:: What is required ::
Please print the full listing below exactly, but not the pictures in it.

═════ Stored data

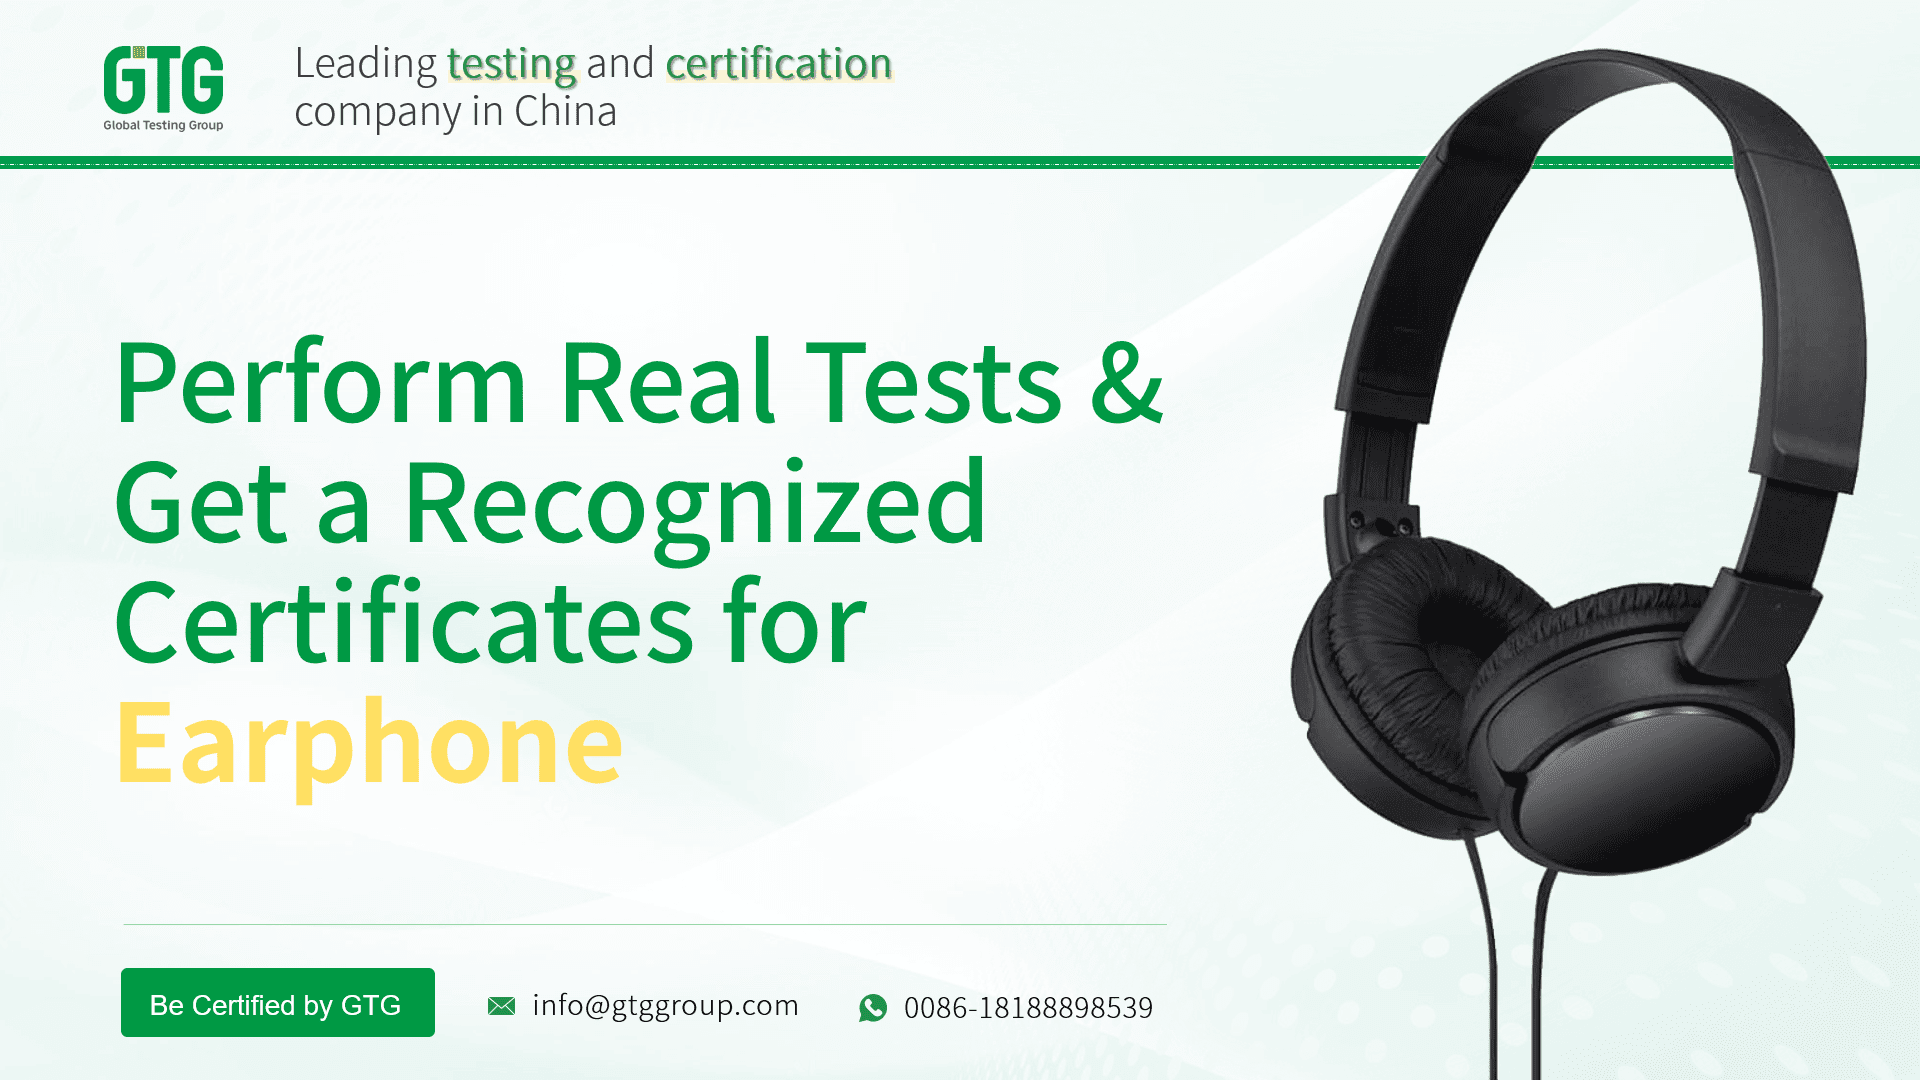 Get Test Report and Certifications for Earphone from GTG Group
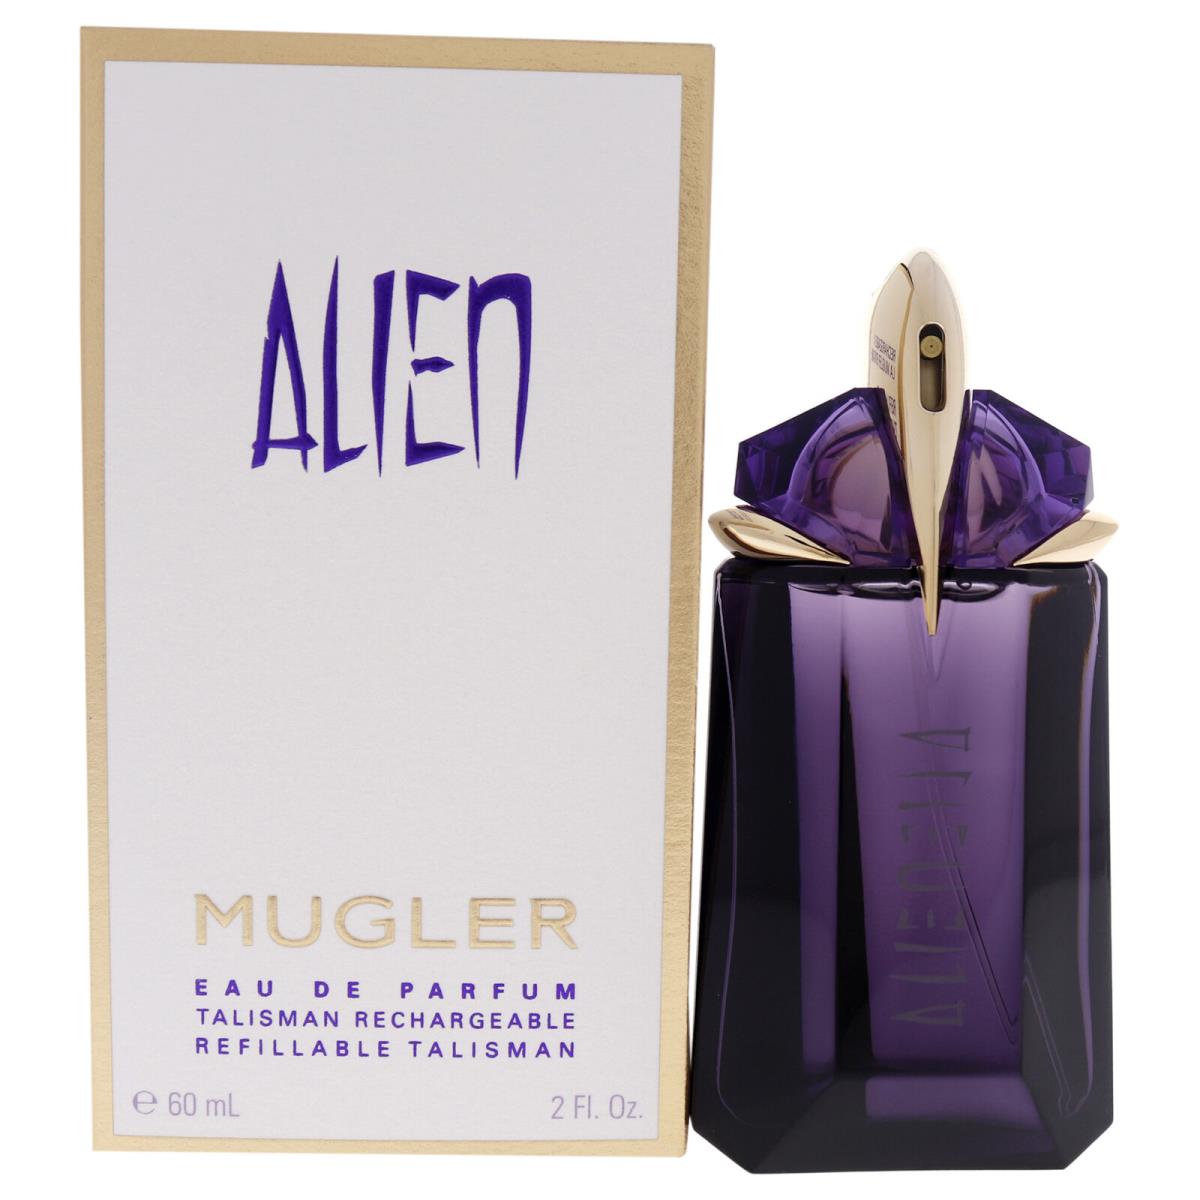 Alien by Thierry Mugler For Women - 2 oz Edp Spray Refillable
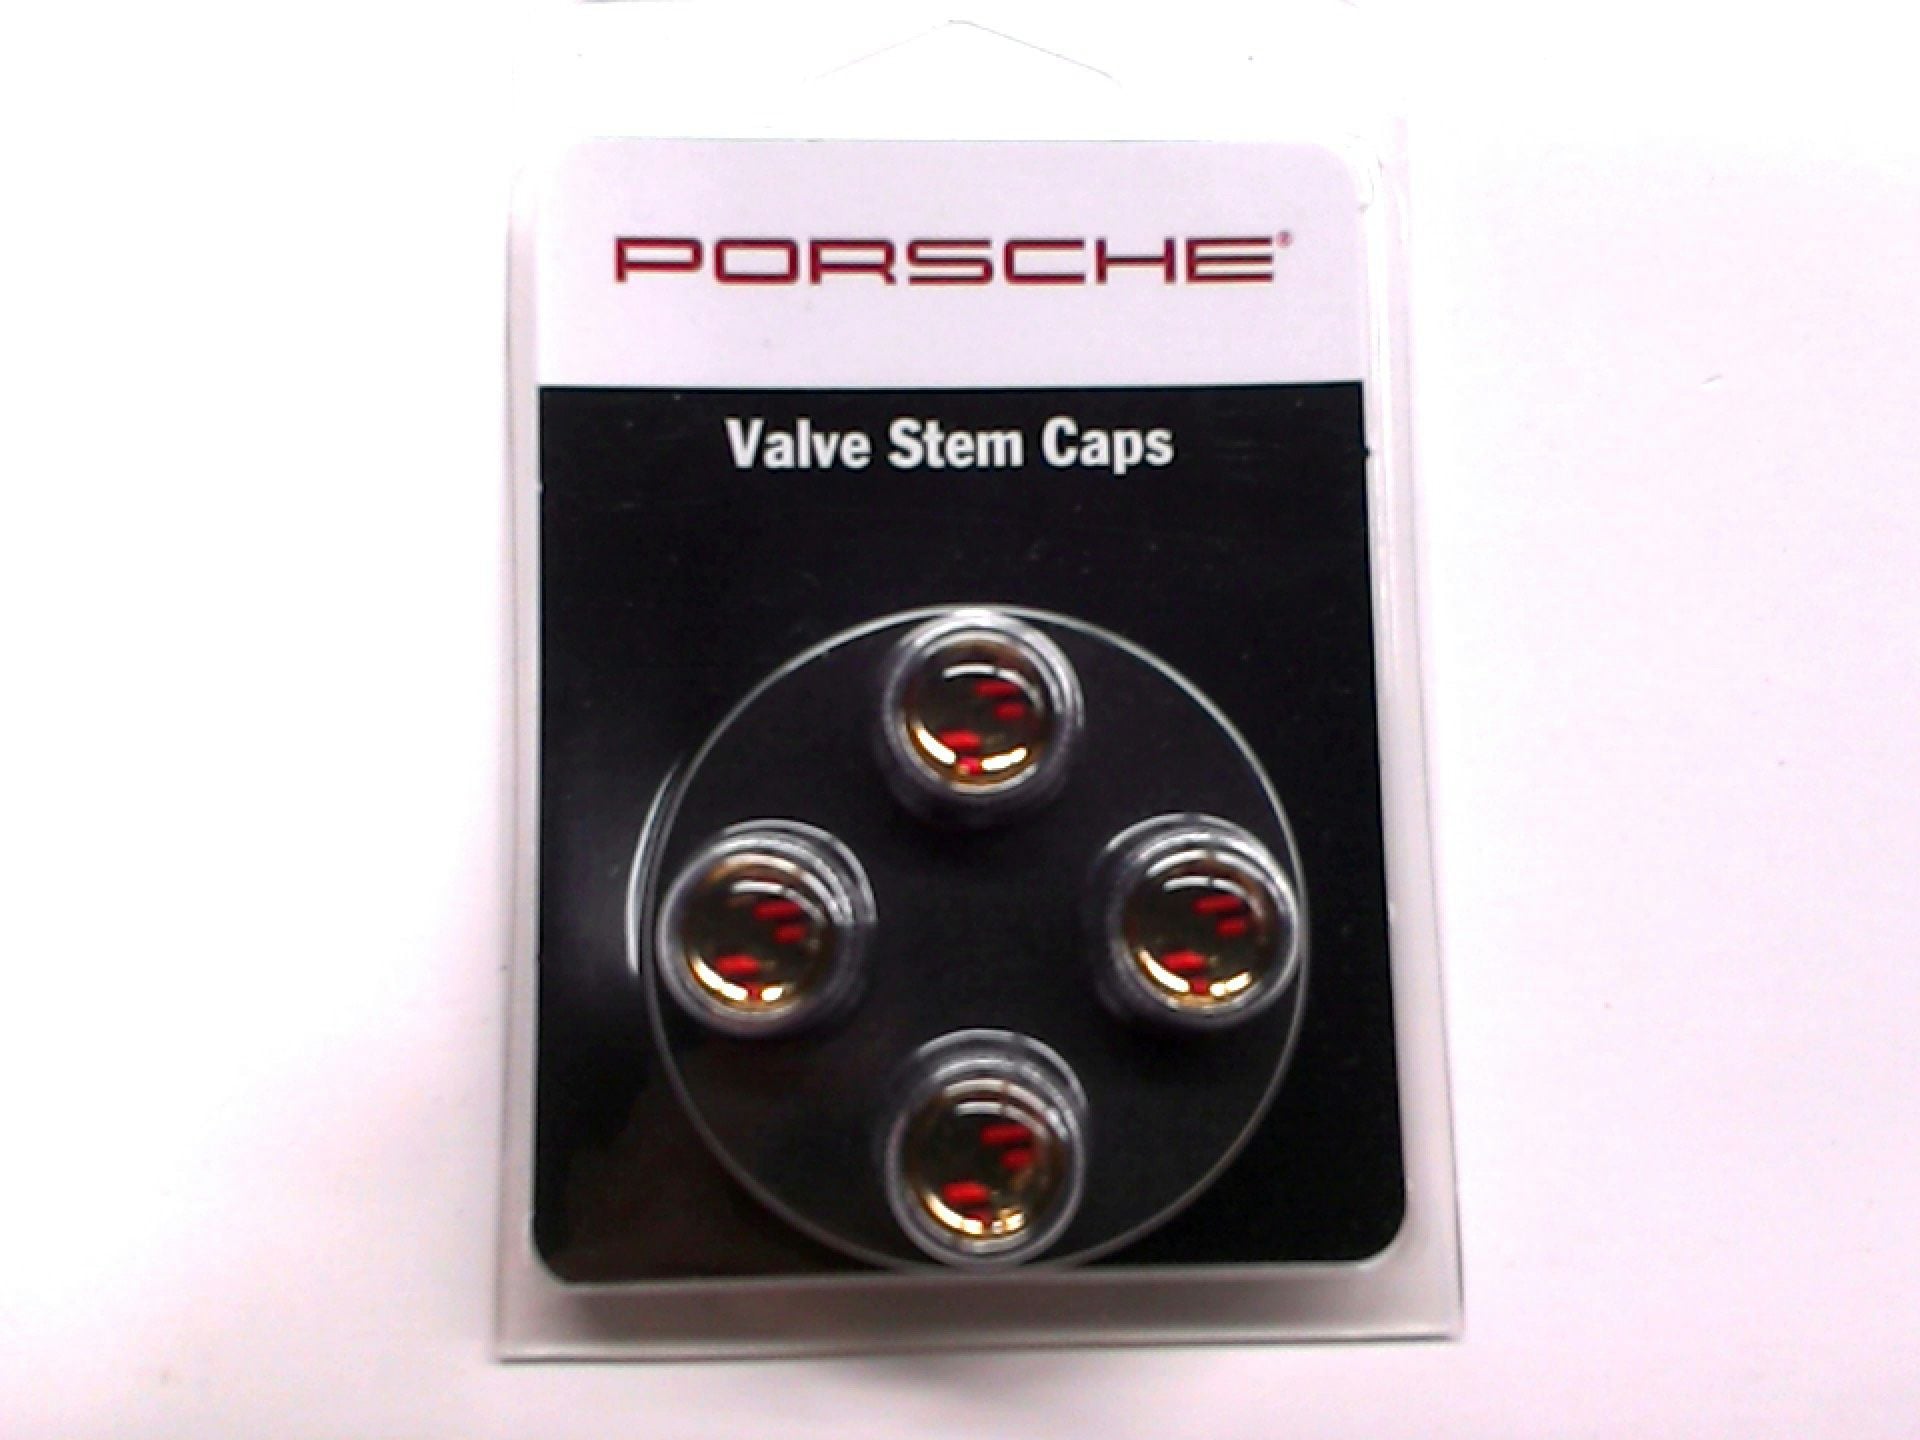 Accessories - Black Porsche Key Chain OEM and Valve Stem Caps OEM Both Unused - New - Dundee, IL 60118, United States

══════════

:: Answer section ::
 Get Test Report and Certifications for Earphone from GTG Group
 Alien by Thierry Mugler For Women - 2 oz Edp Spray Refillable
 Accessories - Black Porsche Key Chain OEM and Valve Stem Caps OEM Both Unused - New - Dundee, IL 60118, United States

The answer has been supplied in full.